Ever Wonder Why Weather Forecasts are Inaccurate?
Excerpt from Valley 101: Great Big Book of Life, a collection of Clay Thompson’s columns for The Arizona Republic. (Originally published March 4, 2004.)
Q: Why are weather forecasts still so inaccurate? We often hear a storm “just snuck in” or a predicted storm “just fell apart.” We’re talking about storms here, big things many miles high and wide, driven by lows and highs that are hundreds of miles across, steered by huge jet streams that don’t make sudden turns.We’ve got a bunch of the world’s biggest computers, thousands of monitoring stations, hundreds of trained meteorologists, and multiple competing forecasting services. So why do they so often get things wrong?
A: Hey there, Mr. Grumpypants. What’s eating you? We are living in paradise and in the very best time of the year in paradise, and I just got two nice shirts on sale, and you’re all crabby. Gee whiz.
OK, sometimes the weather forecasts are not perfect, but then what is? If things — the weather, baked goods, elections, love — always turned out just as expected, what would be the fun of that?
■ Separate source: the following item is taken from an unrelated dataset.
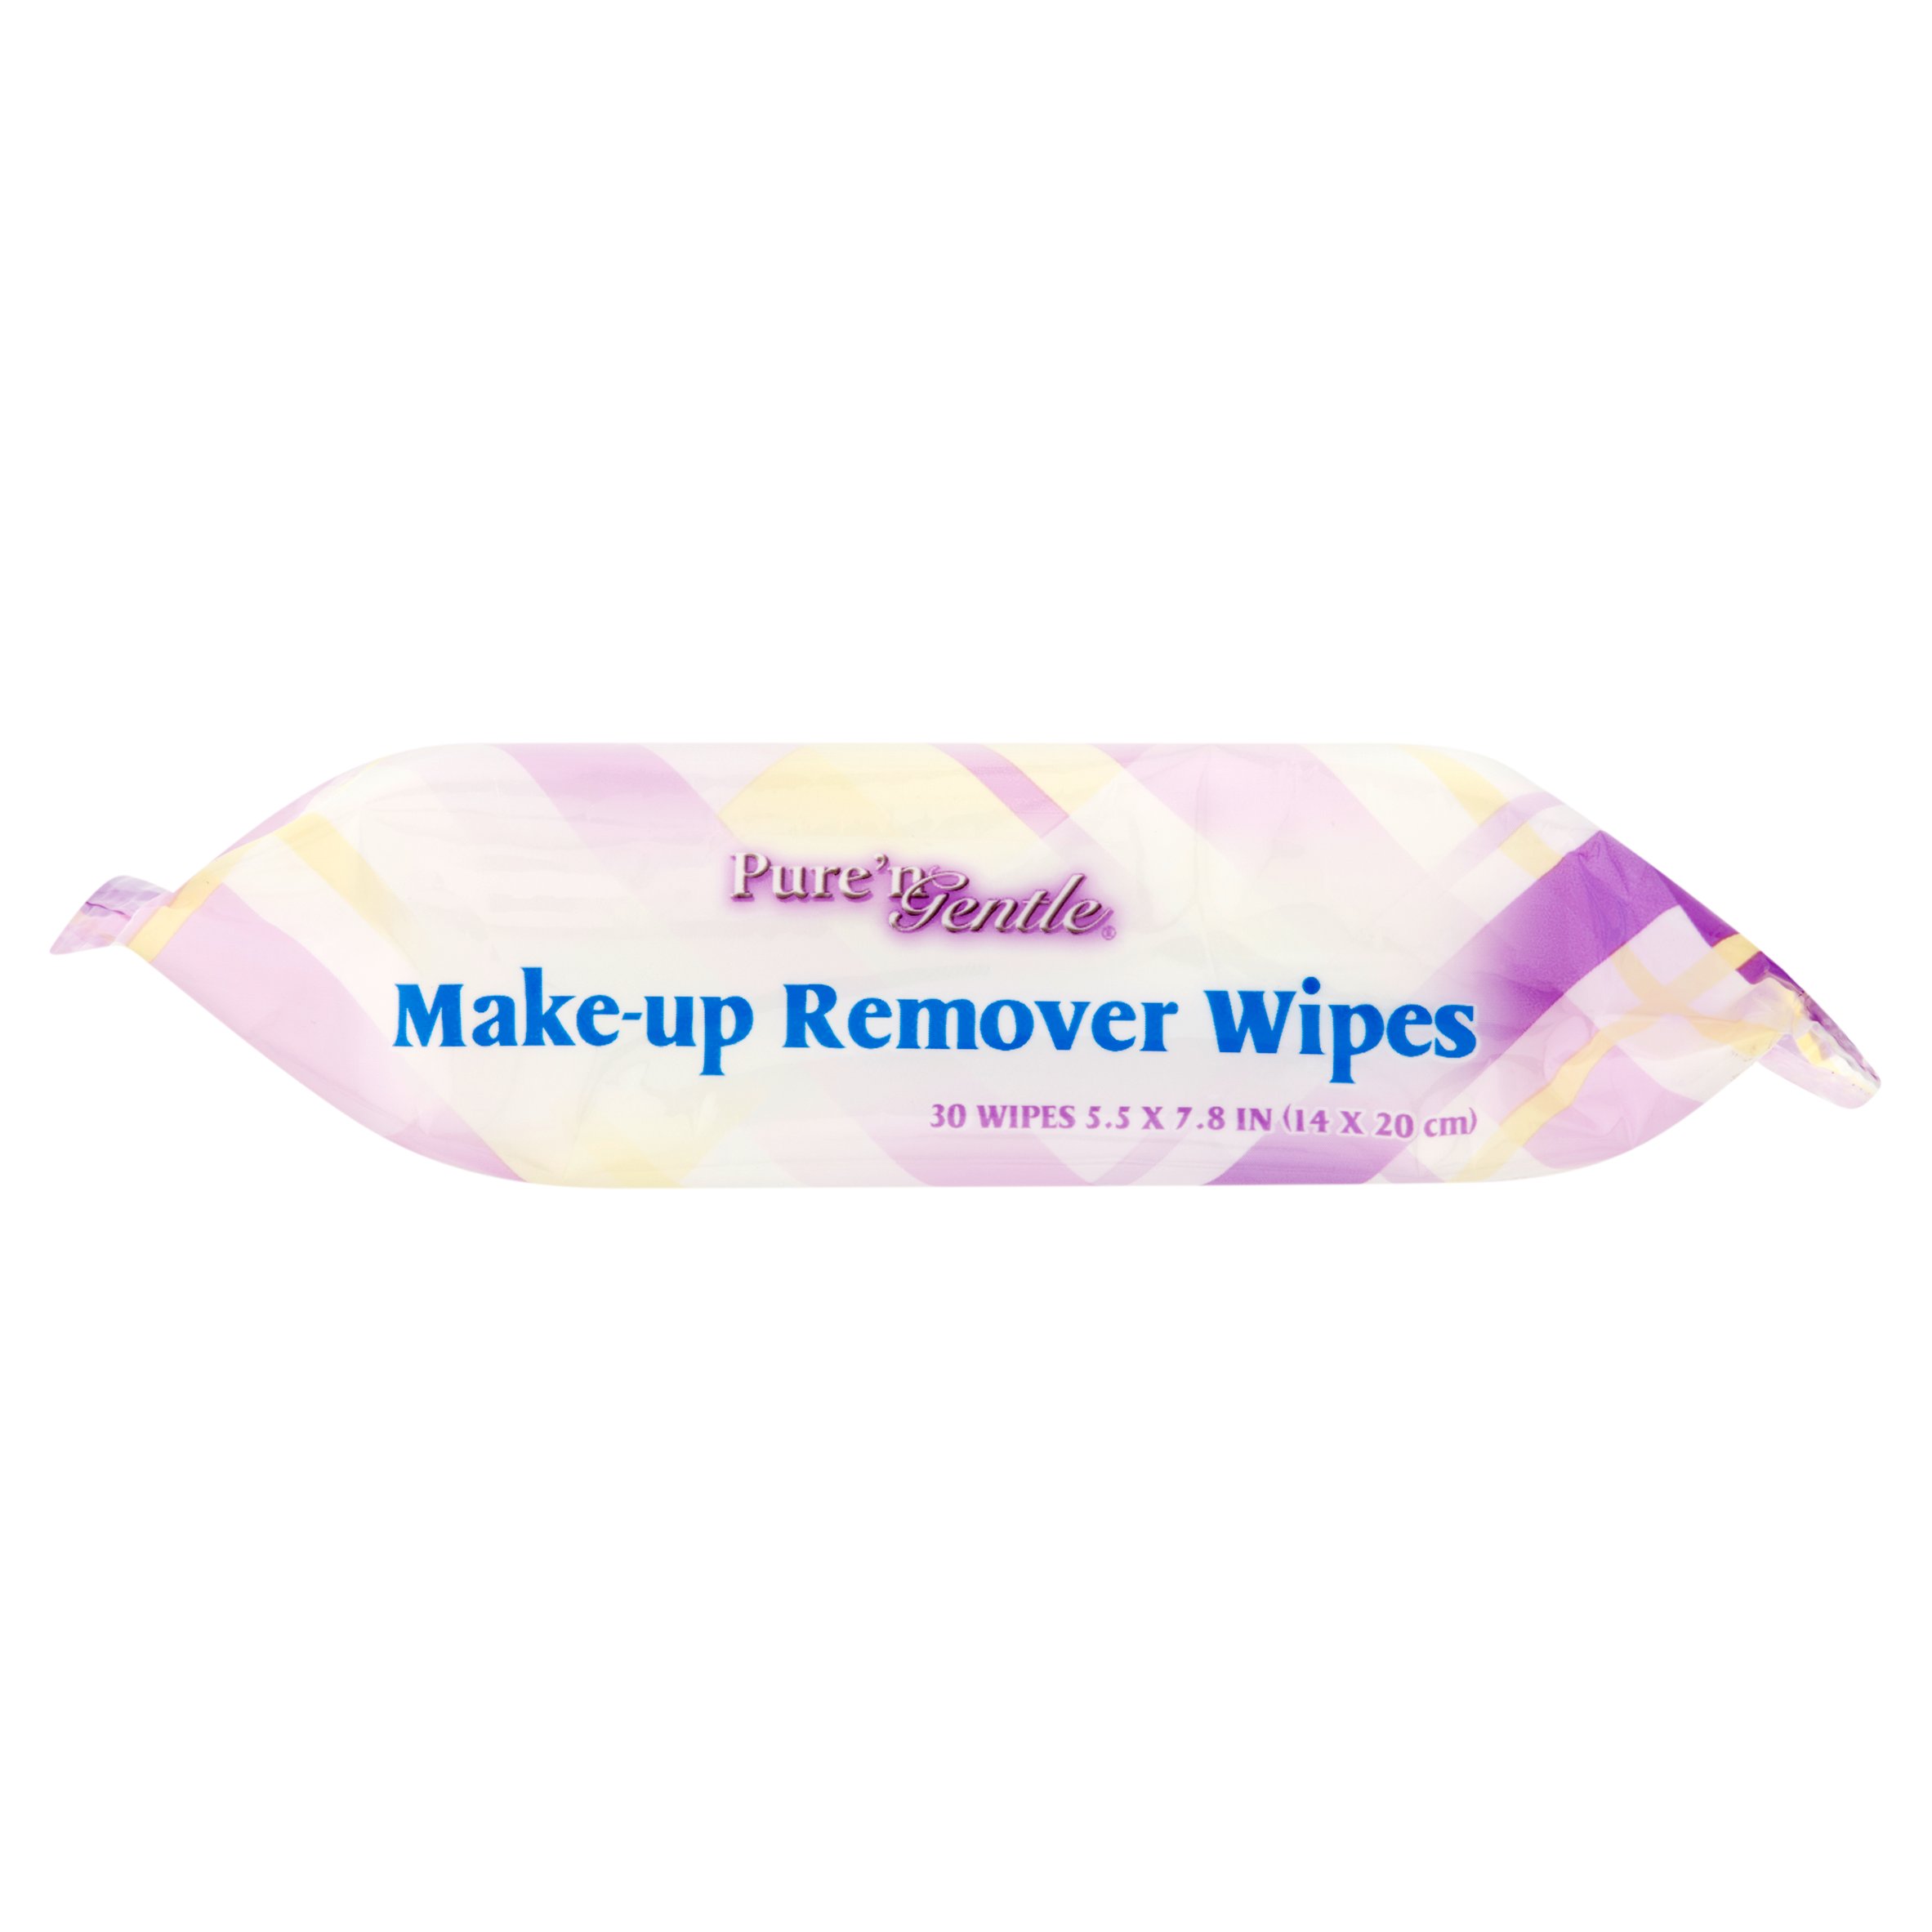 Pure'n Gentle Make-up Remover Wipes, 30 Count - image 3 of 4

And I think you have sort of answered your own question. The weather is miles high and miles wide with fronts and systems and temperatures and jet streams and all that other stuff going on. In other words, there are a gazillion variables involved, even in fairly short-term forecasts. And the variables aren’t all great whopping big things. The forecast you hear or read for the Valley may not necessarily take into consideration that big asphalt parking lot down the street or a grassy park around the corner or just how the wind happens to hit your palm tree. All those things make a difference in your own personal weather.
And then there is the chaos factor, that business about how a butterfly flapping its wings in Rangoon could affect how much sunlight falls on a sleeping dog’s rear end in Mesa.
If you actually kept track, I bet you’d find that forecasts, especially short-term outlooks, are pretty much accurate. So when the unexpected does happen, it seems even more unexpected and more like a big deal than it really is.
So take off those wingtips of crabbiness, buster, and put on the flip-flops of happiness. The weather, like life, is full of surprises. That’s why it’s so interesting.